BioMedGPT-Mol: Multi-task Learning for Molecular Understanding and Generation

Published 4 Dec 2025 in cs.AI | (2512.04629v1)

Abstract: Molecules play a crucial role in biomedical research and discovery, particularly in the field of small molecule drug development. Given the rapid advancements in LLMs, especially the recent emergence of reasoning models, it is natural to explore how a general-purpose LLM can be efficiently adapted for molecular science applications. In this work, we introduce BioMedGPT-Mol, a molecular LLM designed to support molecular understanding and generation tasks. By curating and unifying existing public instruction datasets, we have assembled a large-scale, comprehensive, and high-quality training dataset.
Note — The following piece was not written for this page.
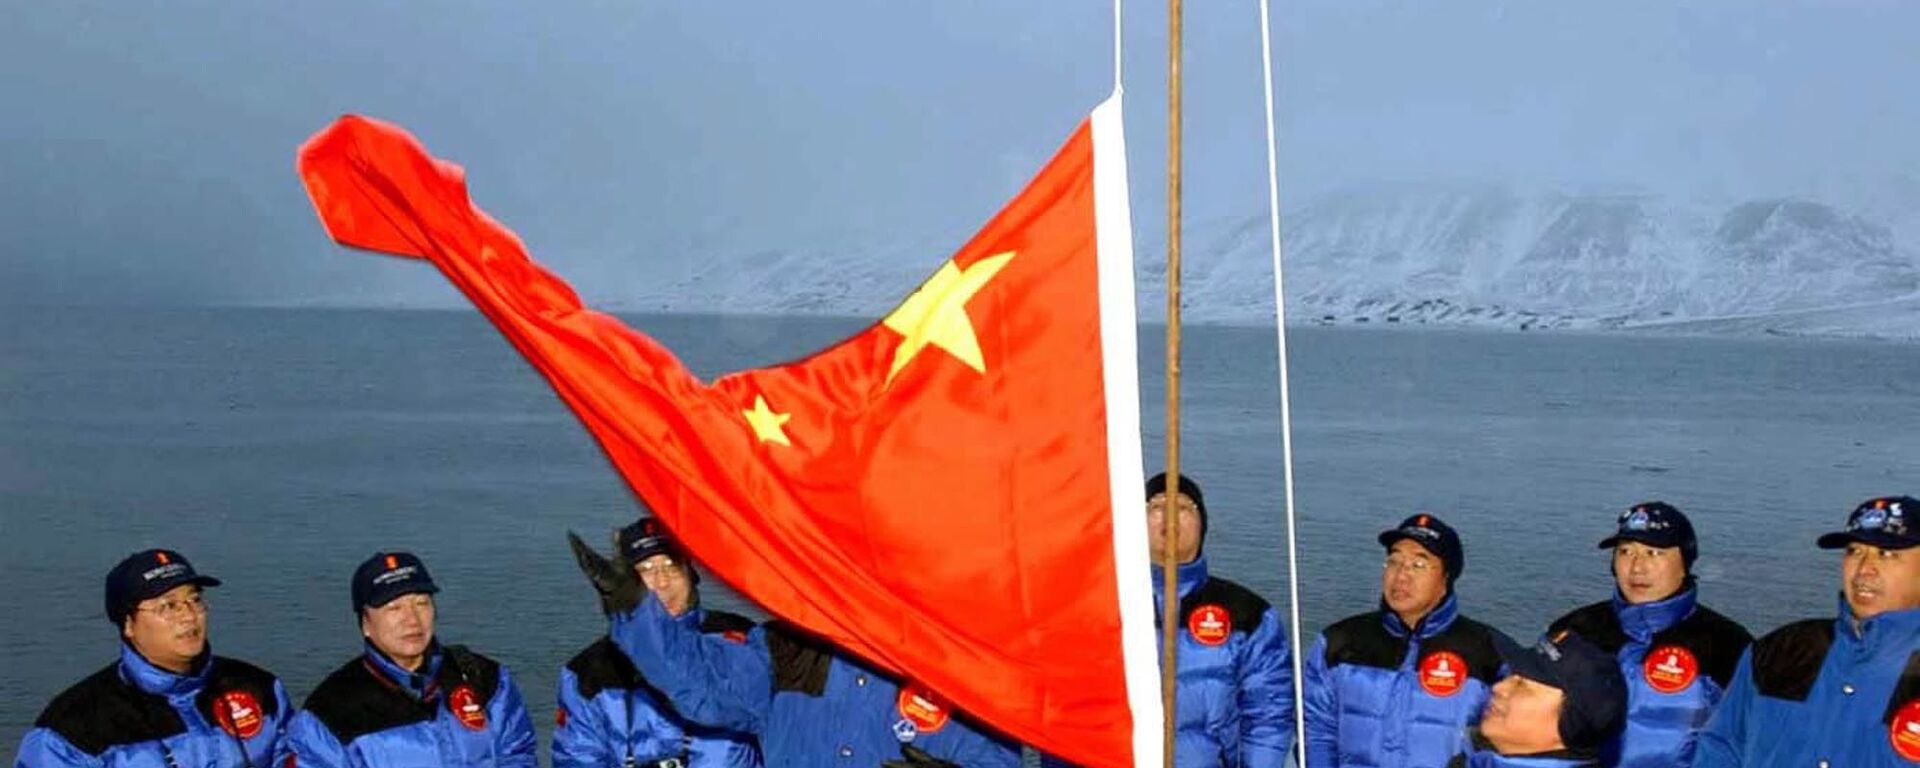 أعضاء بعثة صينية إلى القطب الشمالي يرفعون علم الصين في لونغييربين في جزيرة سبيتسبيرغن / سفالبارد، شمال النرويج، 31 أكتوبر 2001 - سبوتنيك عربي, 1920, 28.04.2022

The model is then fine-tuned through a meticulously designed multi-task learning framework. On a consolidated benchmark derived from LlaSMol, TOMG-Bench, and MuMOInstruct, BioMedGPT-Mol achieves remarkable performance. Our experimental results demonstrate that a general-purpose reasoning model can be effectively and efficiently post-trained into a professional molecular LLM through a well-structured multi-task curriculum. Leveraging the power of it, we further explore retrosynthetic planning task, and the performance on RetroBench demonstrates its competitive capability of acting as an end-to-end retrosynthetic planner. We anticipate that our approach can be extended to other biomedical scientific domains.